Isaac presides over another table. He attended Westhill with my son and traces his Keppel heritage back six generations. The emergency nurse actually lives on the acreage settled by the very first Shouldice. He nails his two minute speech and reminds us what his granddad told him – if you take care of the earth it will take care of you. Corny maybe, but real. Welcome to Georgian Bluffs, as authentic a corner of this province as you will find.

Candidate Ryan introduces me to one Mr. McComb, who I am told was reeve since Larry Miller was in diapers. Beside him is his indefatigable wife, Marilyn, recently acclaimed for yet another term as public school trustee. It is an avocation she will doubtless continue to pursue on the other side of the pearly gates. Ryan, a protection worker with Children’s Aid, tells me the story of when a somber and stoic Mayor McComb told an energetic and youthful Dwight Burley not to interrupt him. Dwight’s stunned reaction was apparently a moment for the ages.

I meet Bonita, co-proprietor of the United Church of Shallow Lake (together with God) who tells me she led a beer can recycling program to fund the painting of the steeple. I cannot fathom my Dutch reformed church cashing in Heineken empties for the glory of the Lord but I admire the audacity and silently mumble God bless the Uniteds.
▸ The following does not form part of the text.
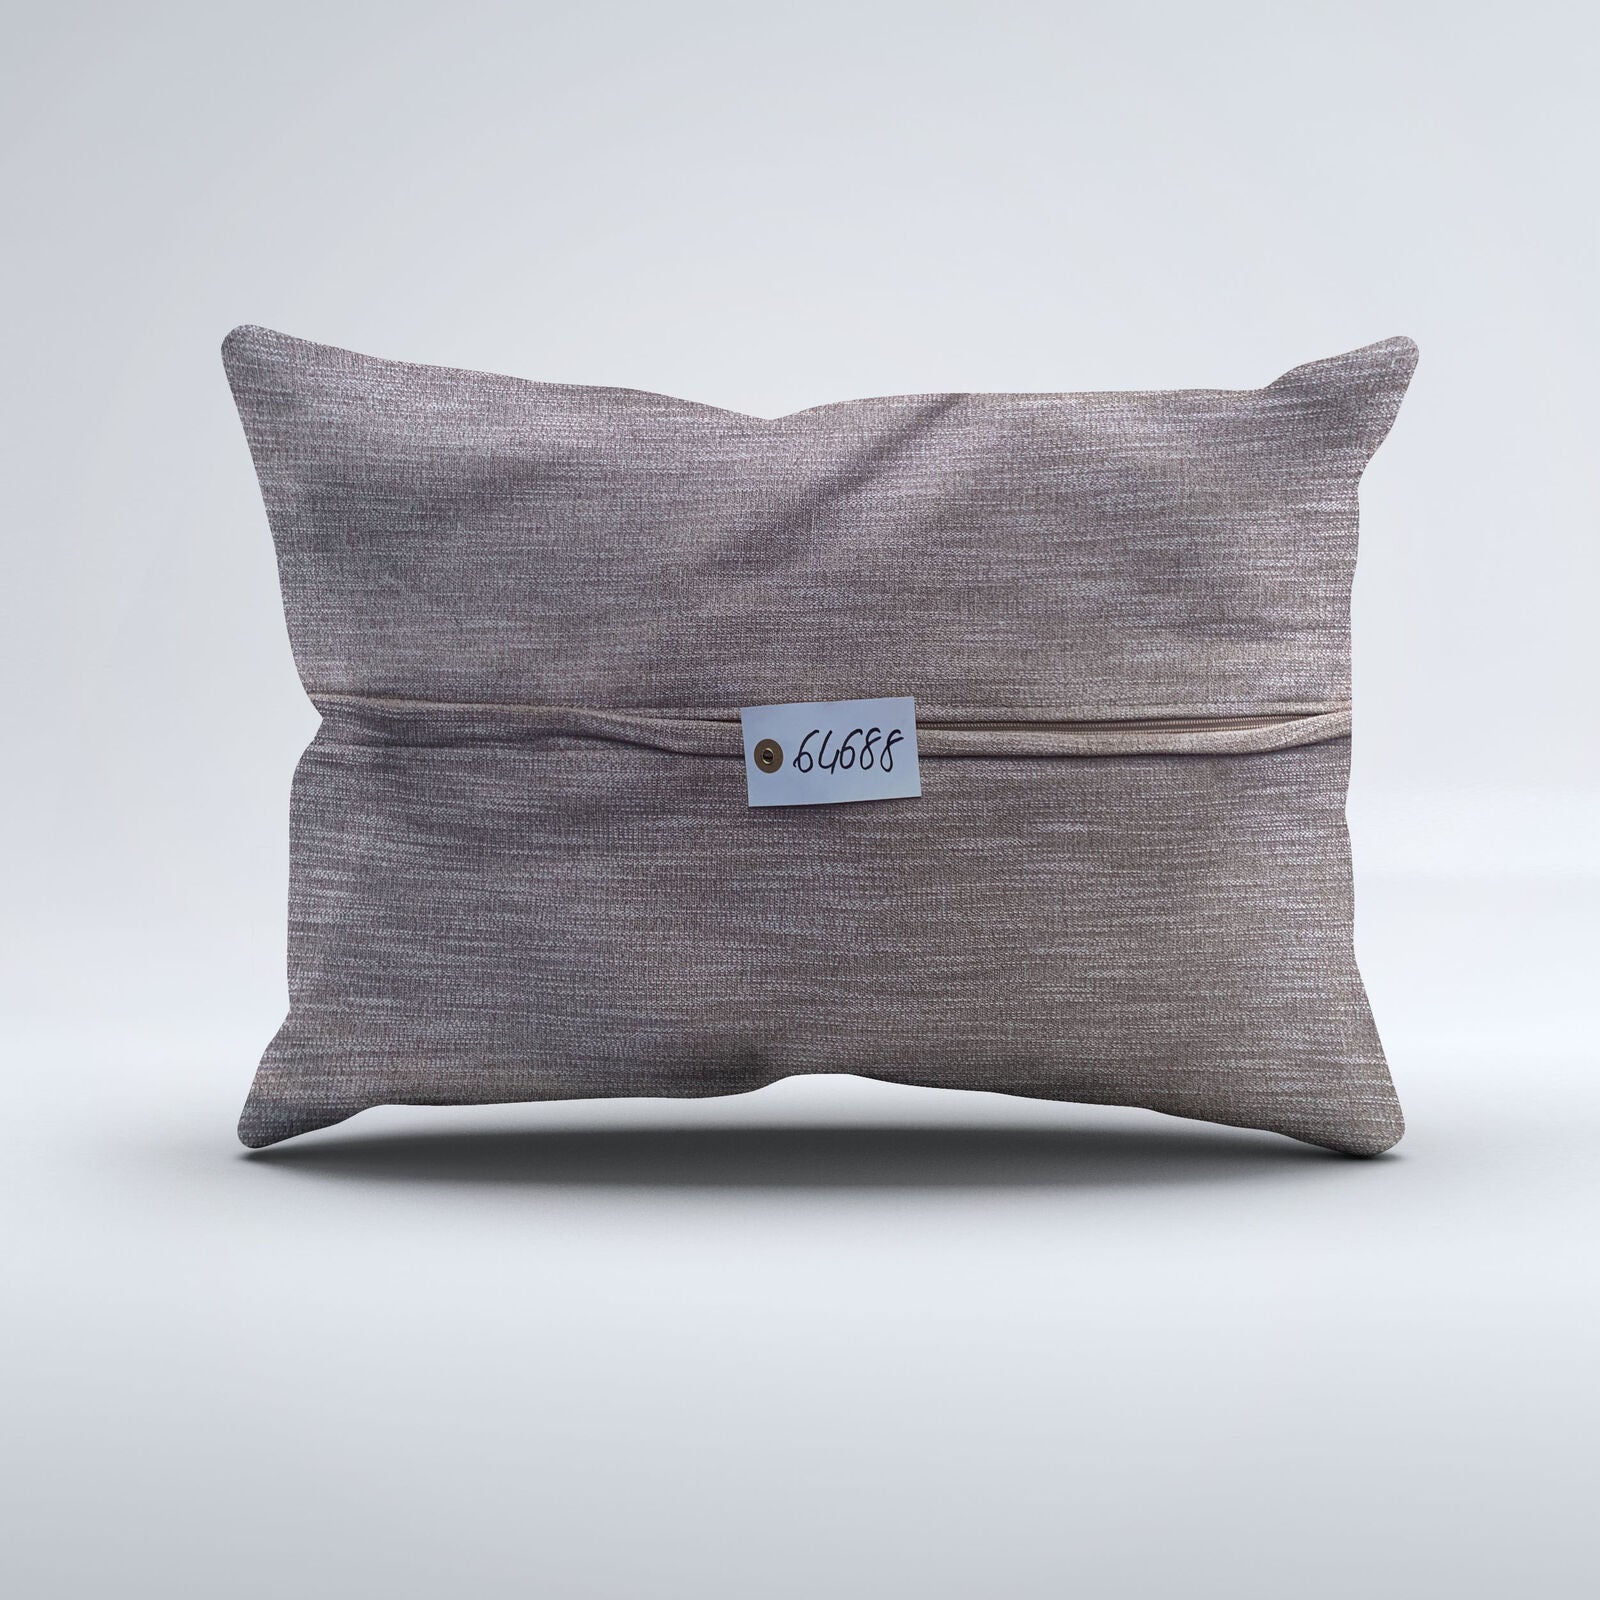 Vintage Turkish Kilim Cushion Cover 60x40 cm Square Wool Kelim Pillowcase 64688

Talk everywhere is of short-term rentals and the money hungry predators who run them. There is also much chatter about the Biodigester, this steel monstrosity of a thing which none of us have ever actually seen but which we are told sits in a local field somewhere beside some lagoon. It sounds a bit like it’s an ecological zombie. No one can manage to feed enough into it yet no one can muster the will to put its out of its fiscal misery. As with the village water, all candidates bravely pledge to deal with this problem “once and for all” and to “find a solution that works”.

This is our little polis in action. At times I ponder that the only thing which appears to bind together the disparate and strung out communities of Kilsyth, Springmount, Oxenden and old Sarawak is an intense desire never to be annexed by the overtaxed metropolis to the east and south. It is time to elect another slate of those who would continue the Resistance.

These are our teachers, our nurses, our real estate agents, our beef farmers. These are some of our best (and perhaps some of our more mediocre) stepping up and offering themselves up for four years for the good of our land and of our people.

This is the year my father-in-law passed, a former Reeve of Derby. I marvel at how many such gatherings Al Bye attended, the rushed conversations he held, the hands he shook, the guarded opinions he expressed and the garrulous citizens he avoided. And in the hurley burley, I suspect that more than once he grinned widely, pushed his chair back and took sheer delight in these, the fascinating politics of our tiny commonwealth.

After all, this is local democracy at work – in all of its understated and enduring beauty.